1. Joy Brown resigned her employment with Polk County voluntarily for personal reasons.
2. Joy Brown’s plan for Nathan Brown’s and NK’s residential arrangement had not been previously approved by her superiors or any other official of Polk County with appropriate authority.
3. Had Mrs. Brown proceeded with her plan for residential arrangements for Nathan and NK, she would have been in violation of Polk County Personnel Rule 16.1 in that the arrangement would tend to impair her independence of judgment in the performance of her official duties.
Polk County’s declining to reinstate Joy Brown following her
resignation was not a violation of any
5. Polk County did not foster or create any condition that would constitute a hostile employment environment for Joy Brown.
6. Polk County acted within the scope of its proper powers under Article II of the collective bargaining agreement, Management Rights, in declining to reinstate Joy Brown after her resignation.
This arbitrator has jurisdiction to resolve this grievance under the
applicable collective bargaining agreement.
This grievance is dismissed.
2. Pursuant to Article XII, Section 4 of the Collective Bargaining Agreement, each party shall bear one-half of the arbitrator’s fees and expenses.
this 17th day of November, 2000
 At the end of the hearing a copy of the applicable collective bargaining agreement was produced and will be deemed Respondent’s Exhibit M.
During this arbitration hearing, counsel for the parties represented that
other litigation in State and Federal Courts, growing out of the same
circumstances at issue in this dispute, was proceeding independent of this
grievance procedure and was being prosecuted by counsel other than Ms.
Hassler and Mr.
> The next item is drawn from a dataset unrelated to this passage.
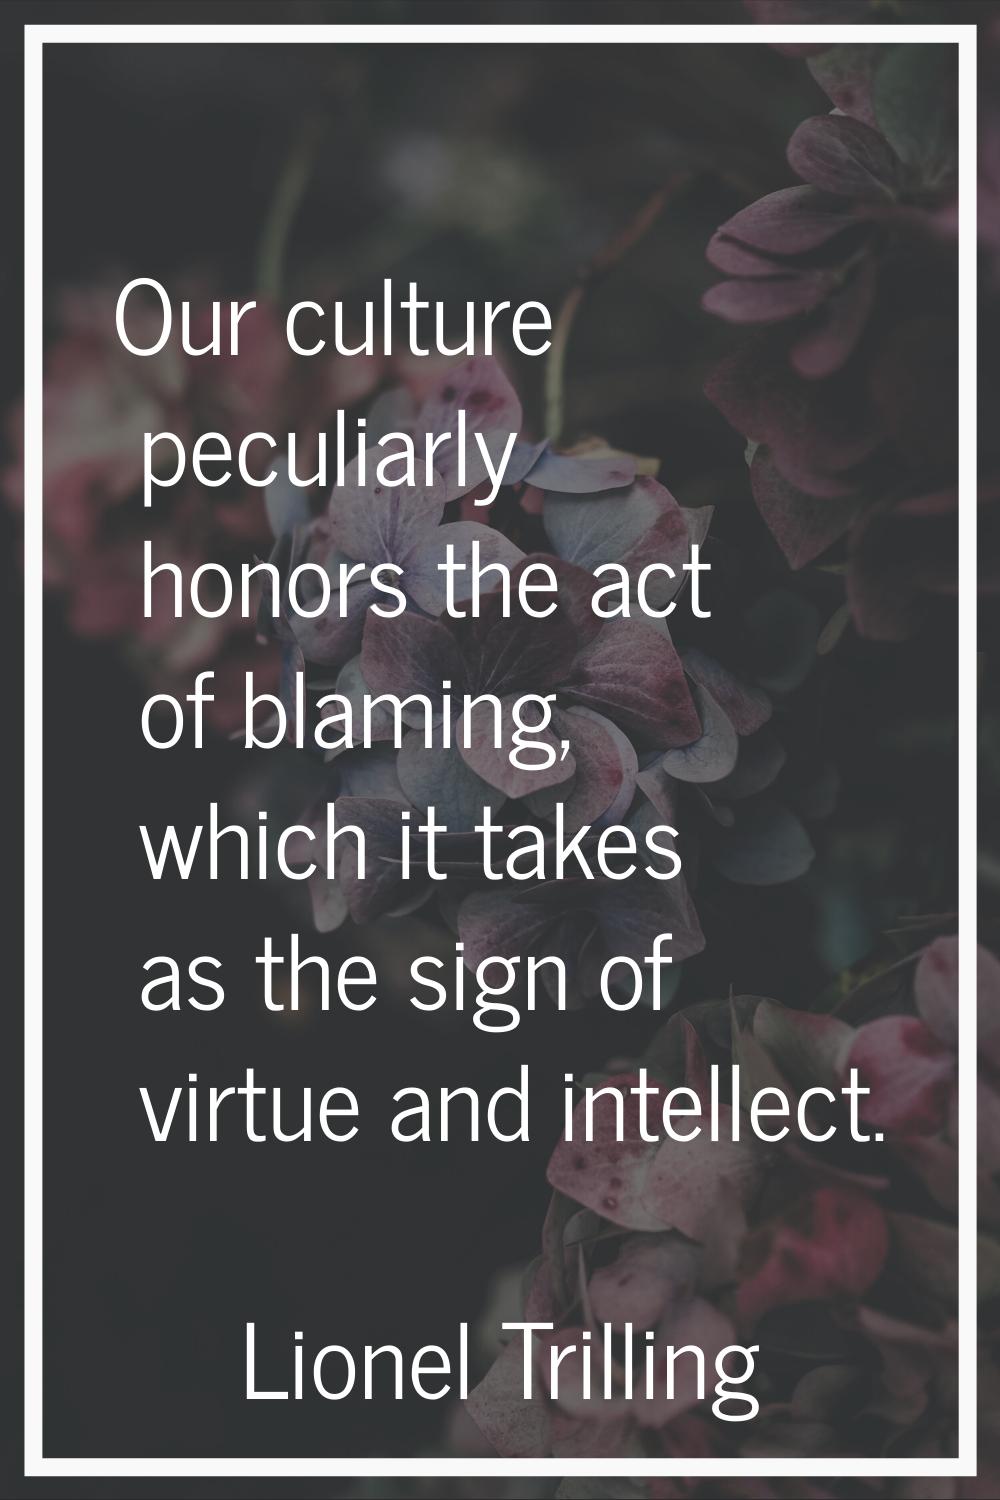 Our culture peculiarly honors the act of blaming, which it takes as the sign of virtue and intellec

Doyle. Both
counsel in this arbitration claimed not to be fully informed of the status
of the other litigation. Therefore
it is not clear to me what effect the other litigation may have on the
enforceability of any arbitration award in this proceeding.
At least for purposes of my jurisdiction, however, the fact that the
parties invoked and followed the stepwise dispute resolution process under
Article XII of the contract gives this arbitrator jurisdiction to decide
 Initials were used in most written communications referring to develop- mentally disabled children to protect their and their families’ privacy.
 The e-mail attached summaries of the various memos discussed above regarding the meetings on July 29th and the August 6th and 9th communications to Mrs. Brown from Marsha Clark.
 Mrs. Brown was also advised around this time by the local AFSME Shop Steward that she should defer her resignation and that the County would be under no obligation to reinstate her if she resigned.
 The record does not reveal whether the plan to have both boys in the Brown home actually matured. At the time of this arbitration hearing, NK did not reside in the Brown home.
 A more comprehensive policy than Rule 16.1, applicable only to the Human Services Department, was in draft review from about 1997 and was finally adopted in the summer of 1999. Grievants contend that it was directed specifically at Joy Brown. It would explicitly have precluded the arrangement for Nathan and NK that Mrs. Brown had sought to carry out. Since Rule 16.1 is sufficient grounds for the county’s action, however, it is not necessary to address the issue of any conflict under the Human Services Department’s more specific rules.